Batch effects#
This tutorial will describe a basic workflow to
Load in an example dataset
Identify batch effects in morphological profiling experiments
Remove those effects
Along the way, we will describe the basic anatomy of AnnData objects, which form
the backbone of the data structure that scmorph uses. For more on AnnData
objects, please refer to the package’s
documentation.
We will be using a minimal example dataset published in Rohban et al. (2017). In it, the authors performed overexpression experiments of genes. To start our investigation of this data, let’s load it!
# Load scmorph
import scmorph as sm
import matplotlib.pyplot as plt
# Load in a subset of the Rohban data
# To load in the full dataset, you may use sm.datasets.rohban2017()

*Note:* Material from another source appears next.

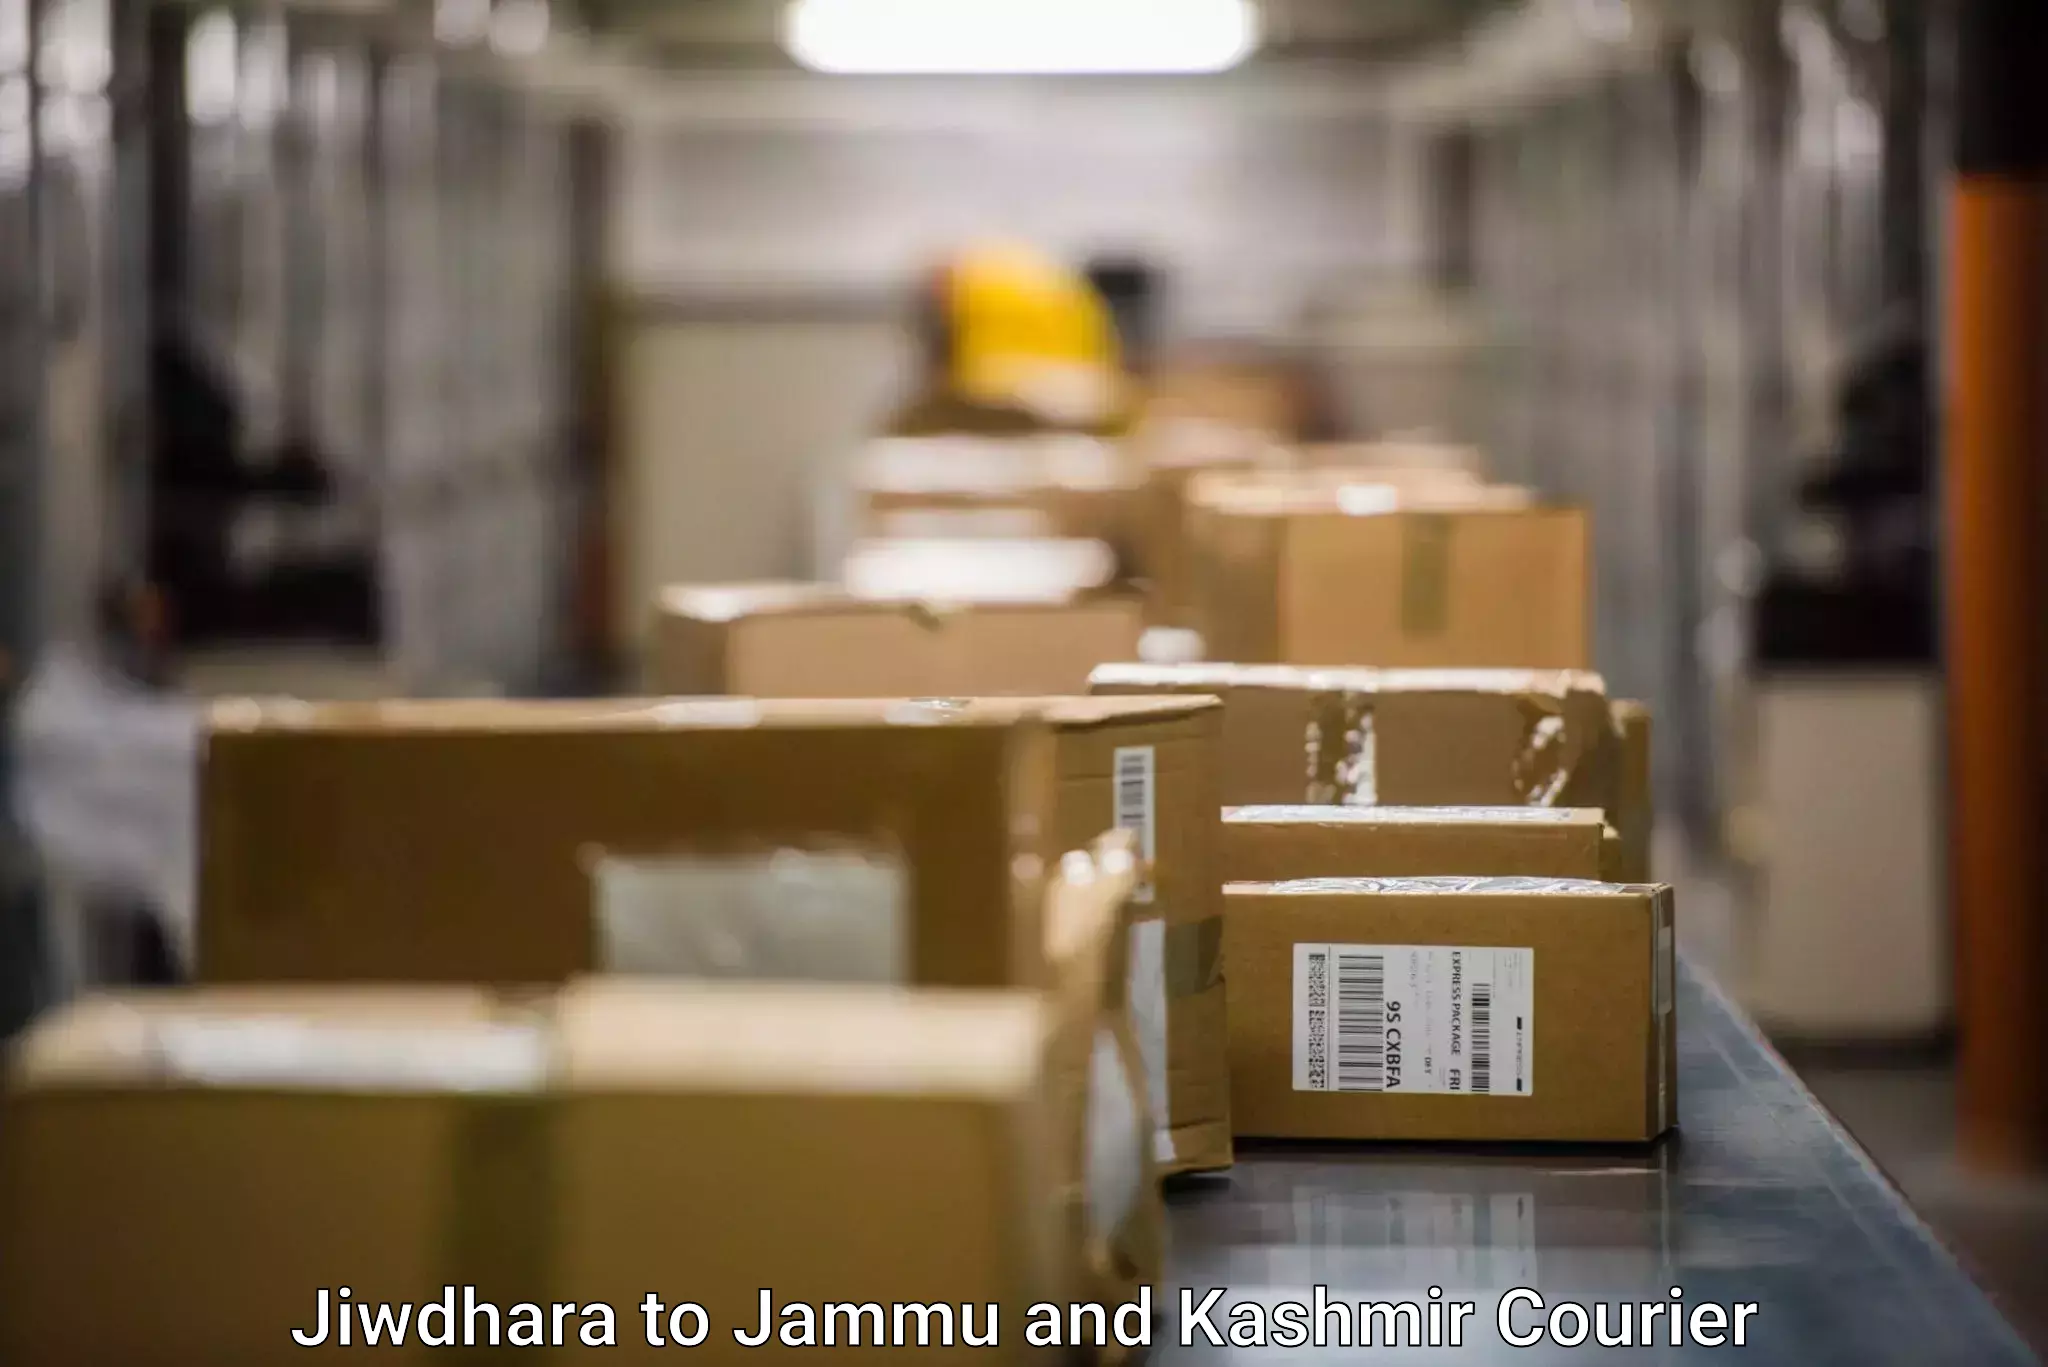 Logistics service provider Jiwdhara to Jammu and Kashmir

# but note that this will download the dataset from the internet,
# occupying ~8Gb of disk space.
adata = sm.datasets.rohban2017_minimal()
In AnnData objects, rows represent cells and columns represent features. AnnData
compartmentalises the data into different slots. For example, the cell by
feature matrix is stored in the .X slot. That means that if you wish to access
it, you would use adata.X. Similarly, metadata about your observations (i.e.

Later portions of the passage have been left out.